- Also known as: Katsuo Nakagawa (中川 勝夫, Nakagawa Katsuo)
- Born: July 20, 1962
- Origin: Tokyo, Japan
- Died: September 17, 1994 (aged 32)
- Genres: Rock
- Occupation: Model / singer / tv personality / presenter
- Years active: 1980–1994
- Labels: Warner Pioneer NEC Avenue

= Katsuhiko Nakagawa =

Katsuhiko Nakagawa (中川 勝彦, Nakagawa Katsuhiko) was a Japanese actor and musician from Tokyo. He is the father of the multi-tarento Shoko Nakagawa. He appeared in the 1986 adaptation of Toki o Kakeru Shōjo, voiced the lead character of Superpowered Robo Garat, and released 10 singles and 9 albums before his death in 1994, with two albums released posthumously.

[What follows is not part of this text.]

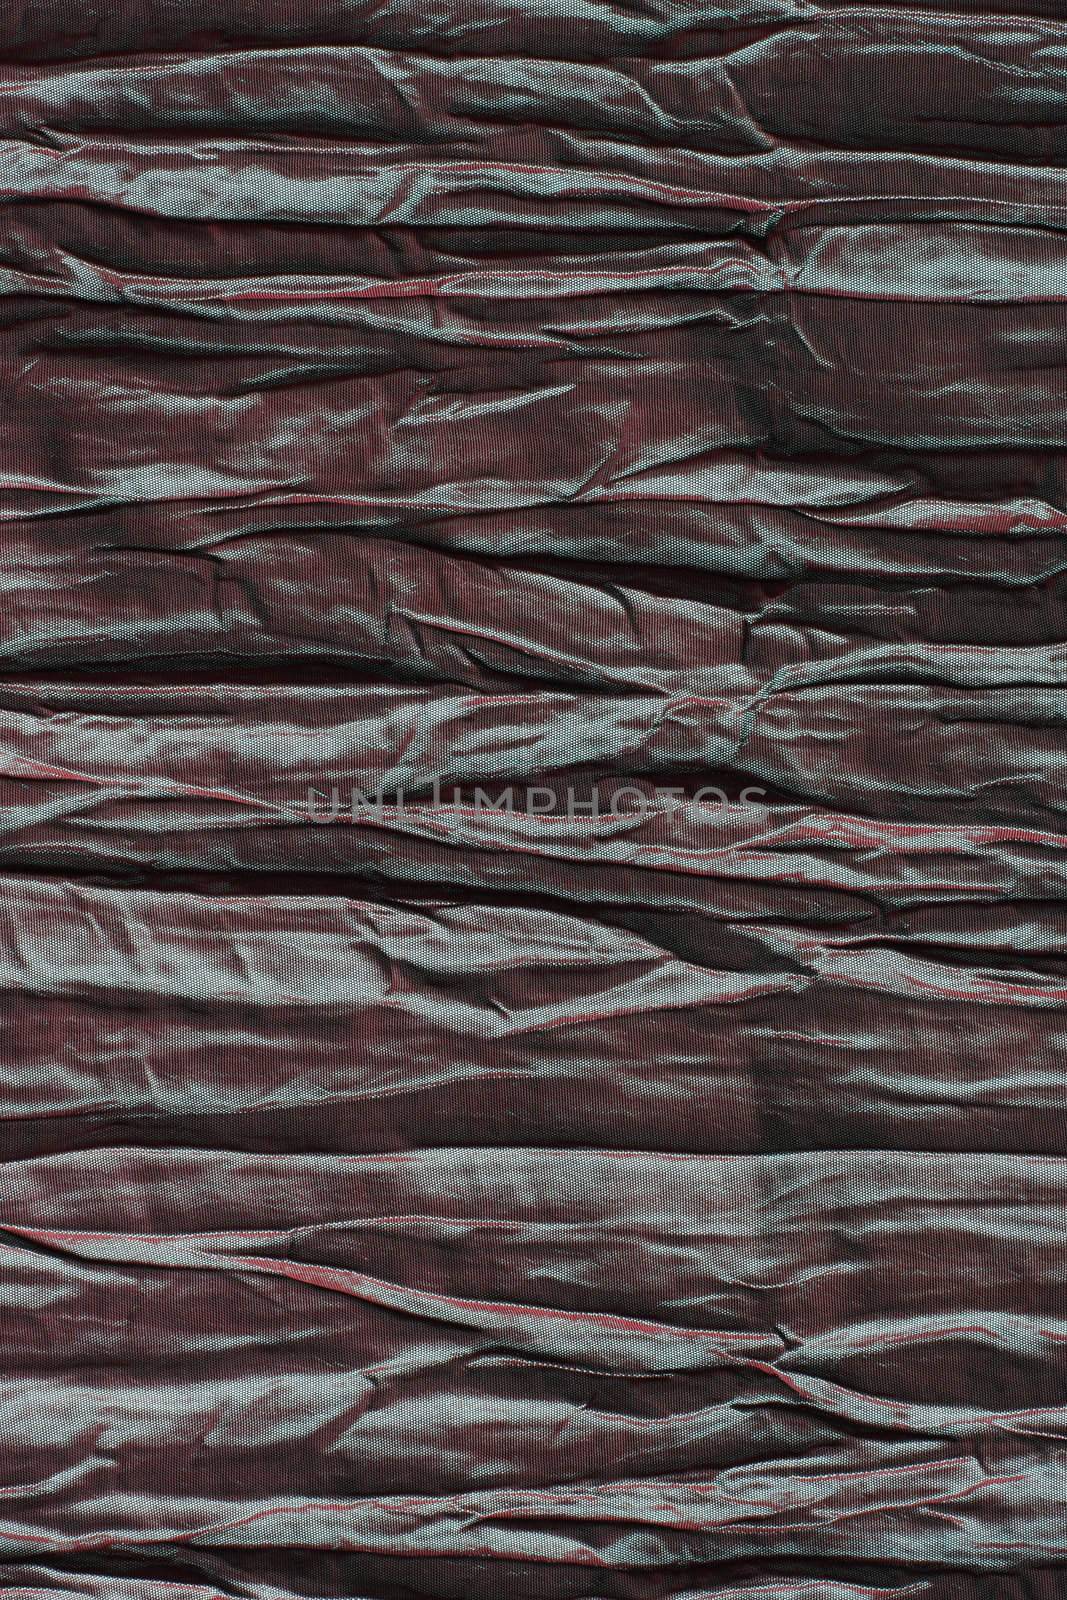 frame filling shot of threaded fabric, metalic look to it, Fabric is supposed to be wrinkly

After his debut appearance as a musician in NHK's Young Music Festival, he started to become known after appearing in the movies Narawareta Gakuen (1981) and Tenkōsei (1982). On February 22, 1984, he released simultaneously his debut album and single entitled Shite Mitai through Warner Pioneer. In September 1992 he was diagnosed with acute myeloid leukemia. He passed 9 months fighting against the disease and managed to make a comeback to Japanese entertainment, but his leukemia reappeared in August 1994, leading to his death on September 17, 1994.